Question

In the triangle abc, be is perpendicular to ac , angle EBC =40 and angle DAC=30 find the value of x,y and z

Answer 1

Answer:

x=50°,y=80°,z=120°

Step-by-step explanation:

In ΔAEZ= 30°+90°+x=180°

a+120°=180°

a=180°-120°

a=60°

In line of EB

Z+60°=180°

z=120°

In line AD

120+c=180°

c=60°

InΔBDC

40+60+y=180

y=80

In polygon EDCB

x+90+100+120=360

x+310=360

x=50°°°°°°°

Answer 2

Given:

ΔABC

∠EBC $=40$°

∠DAC $=30$°

BE ⊥ AC

To Find:

Values of $x,y,z$

Solution:

Let AD and BE intersect at point P.

Since BE ⊥ AC, ∠E $=90$°.

Hence, ΔBEC and ΔAEP are right-angled triangles.

Sum of angles in a triangle is 180°.

In ΔBEC, ∠B and ∠E are known and ∠C can be determined using angle sum property. From the figure, ∠C is given by $x$.

∠B + ∠E + ∠C $=180$°

$40+90+x=180$

$130+x=180$

$x=180-130$

$x=50$°

In ΔAEP, ∠A $=30$°, ∠E $=90$° and ∠EPA is unknown. The sum of angles of ΔAEP is $180$°.

∠A + ∠E + ∠EPA$=180$

$30+90+<EPA=180$

$120+<EPA=180$

$<EPA=180-120$

$<EPA=60$°

∠EPA and ∠BCA are angles on a straight line BE, i.e., they are supplementary angles. If angles are supplementary, then their angle sum will be 180°. ∠BCA is given by $z$.

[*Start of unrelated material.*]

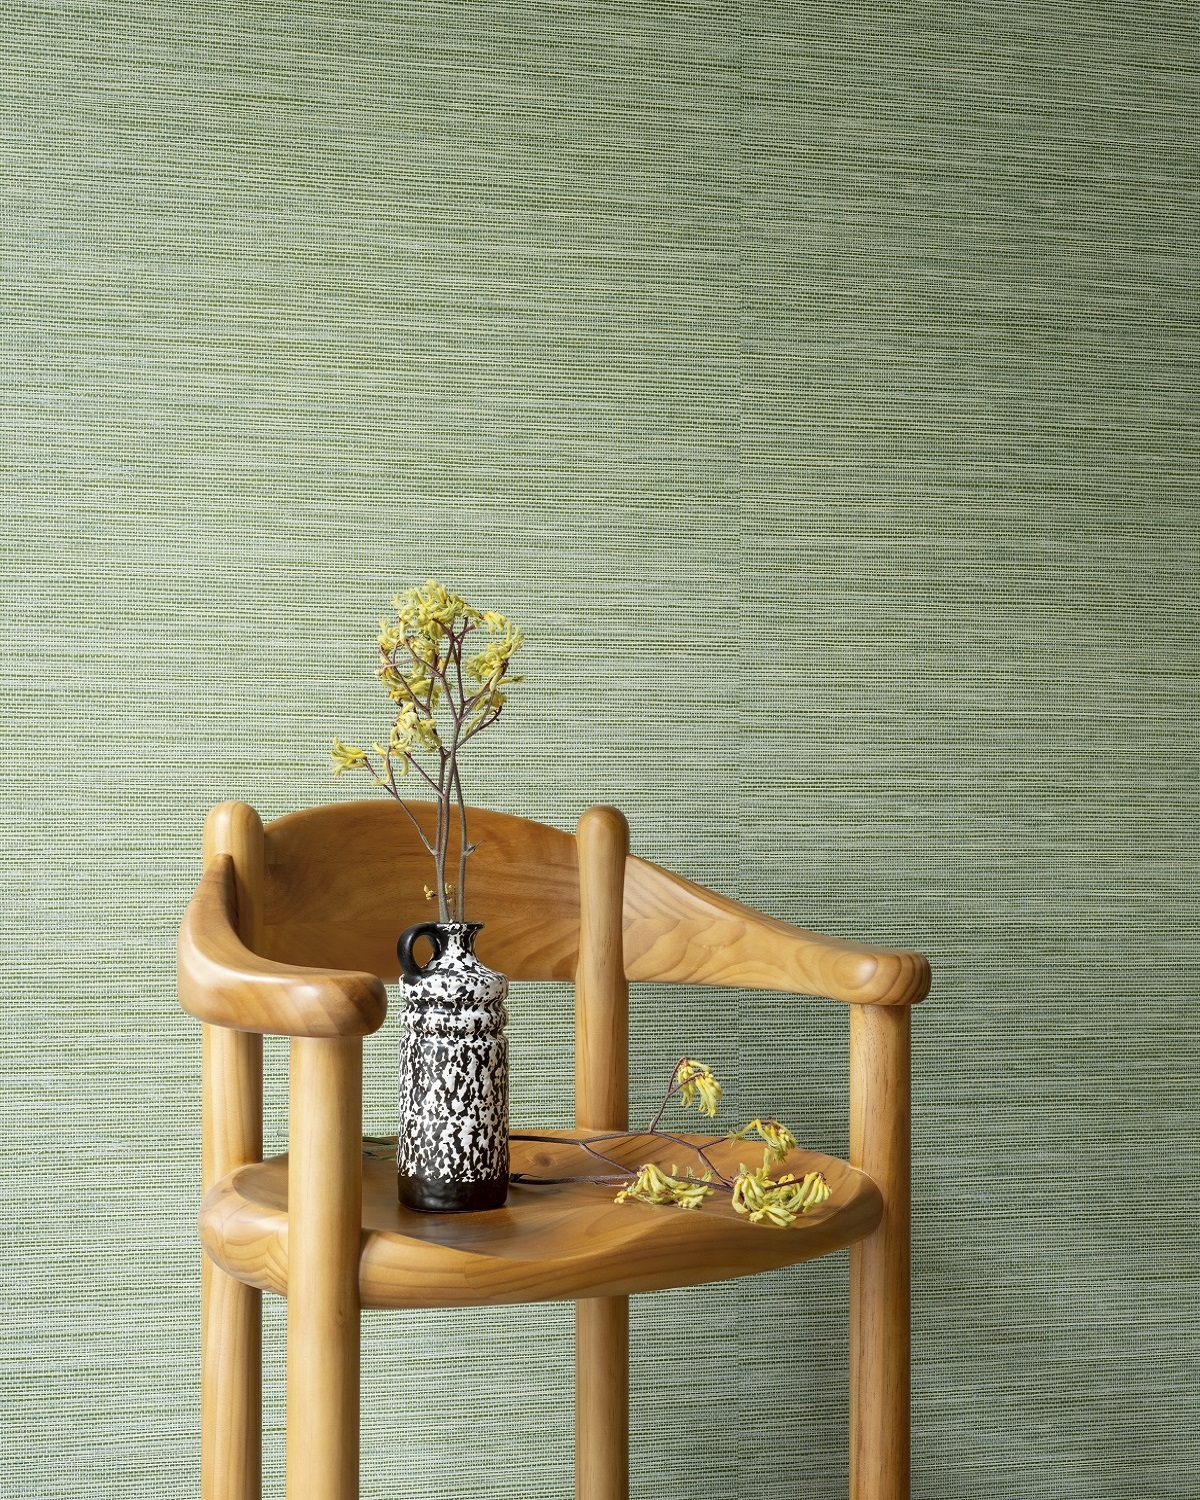 olive green textured wallcovering behind single wooden chair with vase and flowers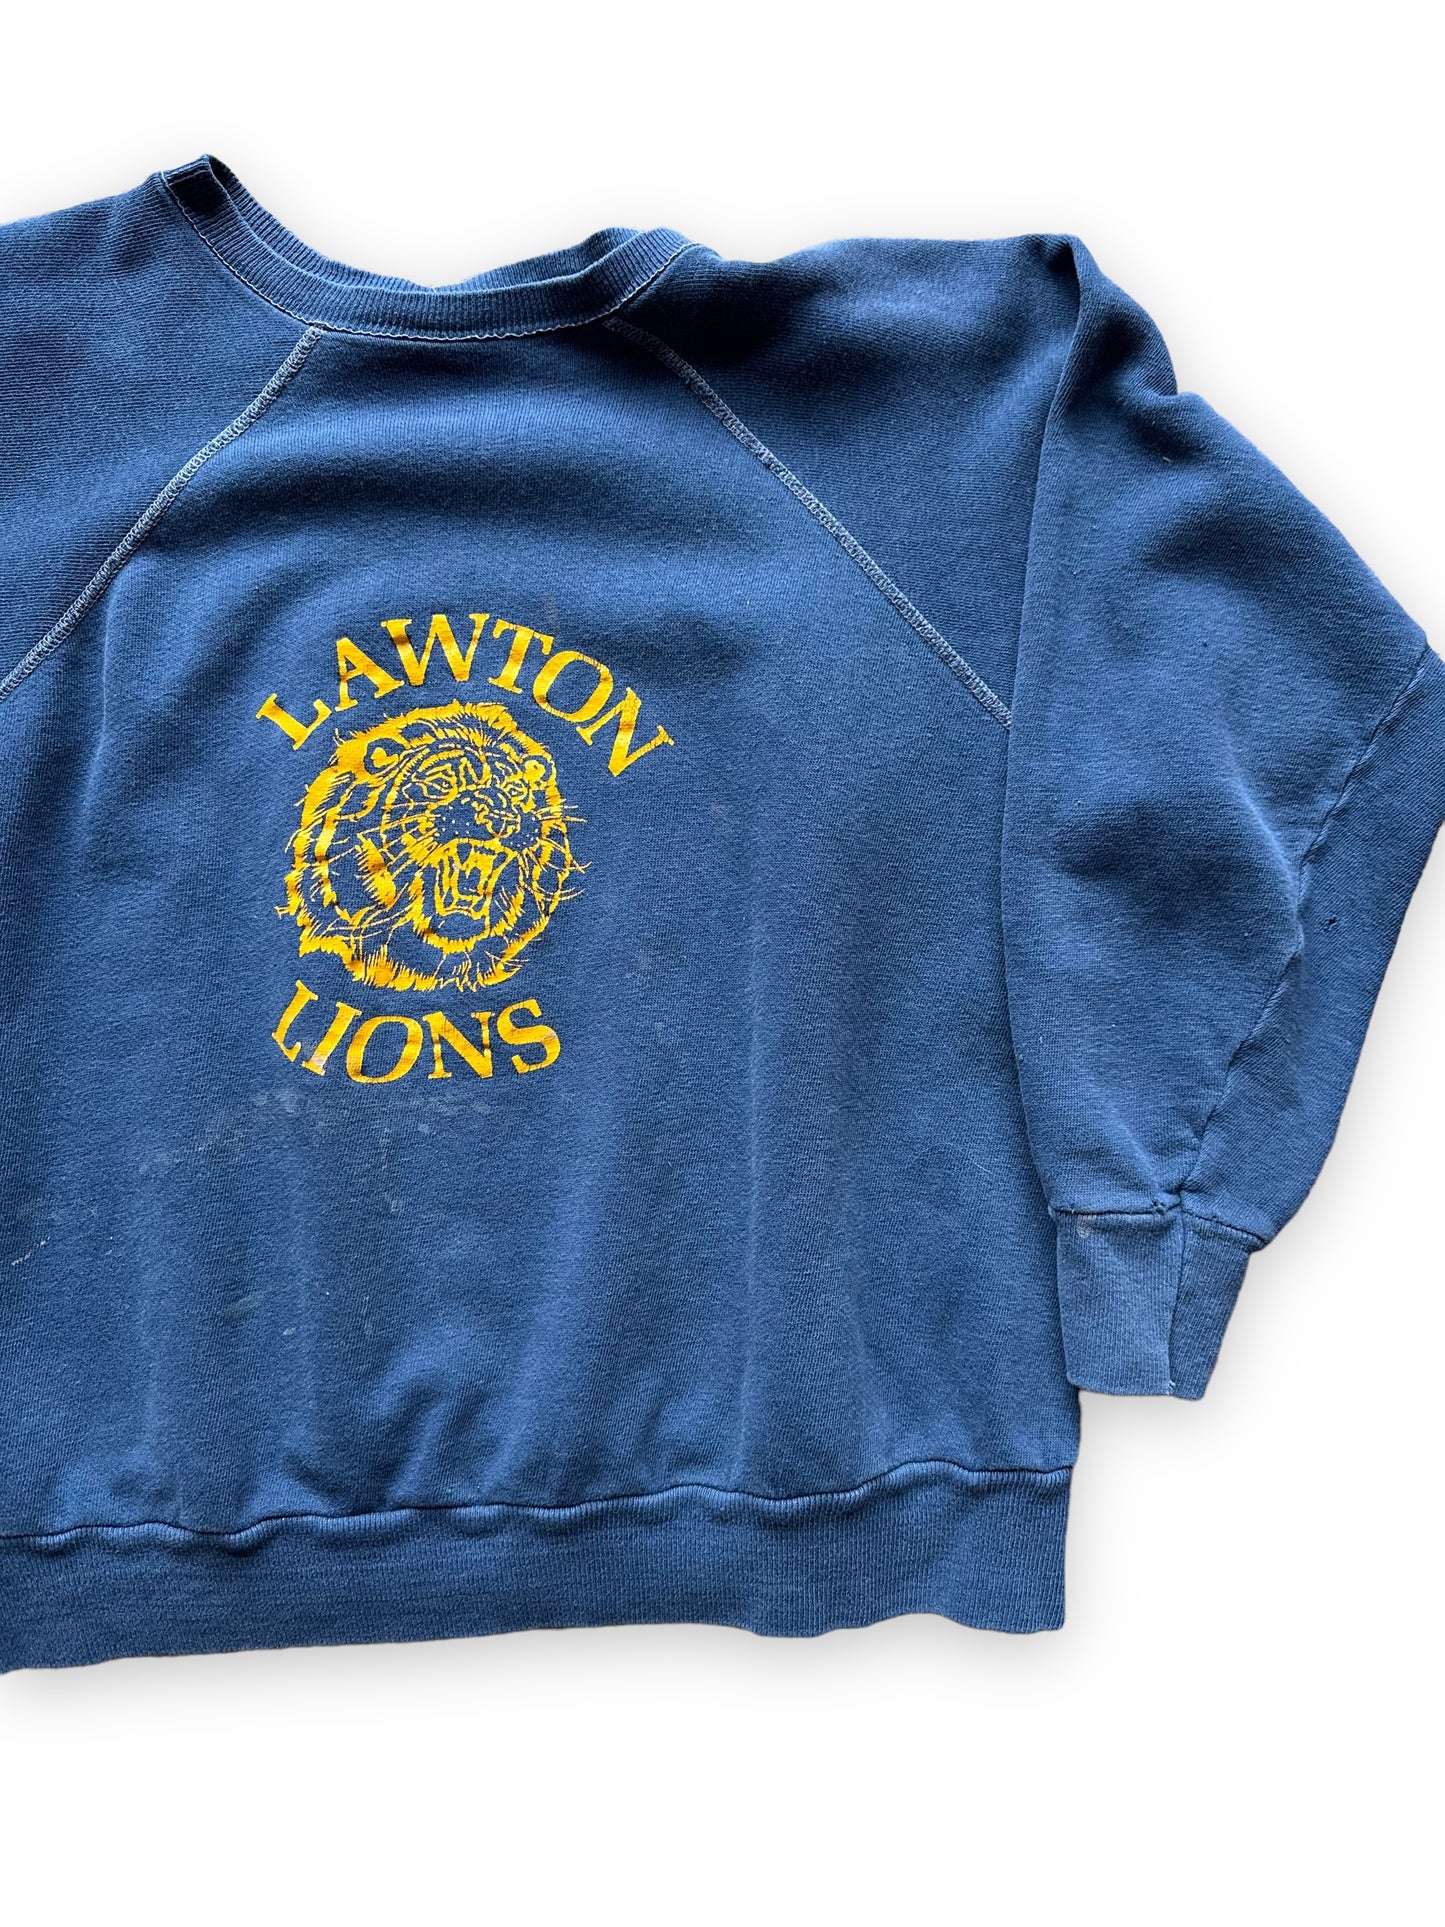 Front Left View on Vintage Small Lawton Lions Crewneck Sweatshirt | Vintage Crewneck Sweatshirt Seattle | Barn Owl Vintage Clothing

∠EPA + ∠BCA $=180$   (∵ supplementary angles)

$60+z=180$

$z=180-60$

$z=120$°

∠BPD and ∠BPA are angles lying on a straight line AD. Hence, their angle sum is $180$°.

∠BPD + ∠BPA $=180$

$<BPD+z=180$          (∵ supplementary angles)

$<BPD+120=180$

$<BPD=180-120$

$<BPD=60$°

∠BPD is an angle of ΔBPD. Sum of angles in this triangle is $180$°. ∠PBD and ∠BPD are known whereas ∠PDB is unknown and is given by $y$.

$<PBD+<BPD+<PDB=180$

$40+60+y=180$

$100+y=180$

$y=180-100$

$y=80$

Thus, $x=50,y=80,z=120$

In ΔABC, the values of $x,y,z$ are determined as 50°,80° and 120° respectively.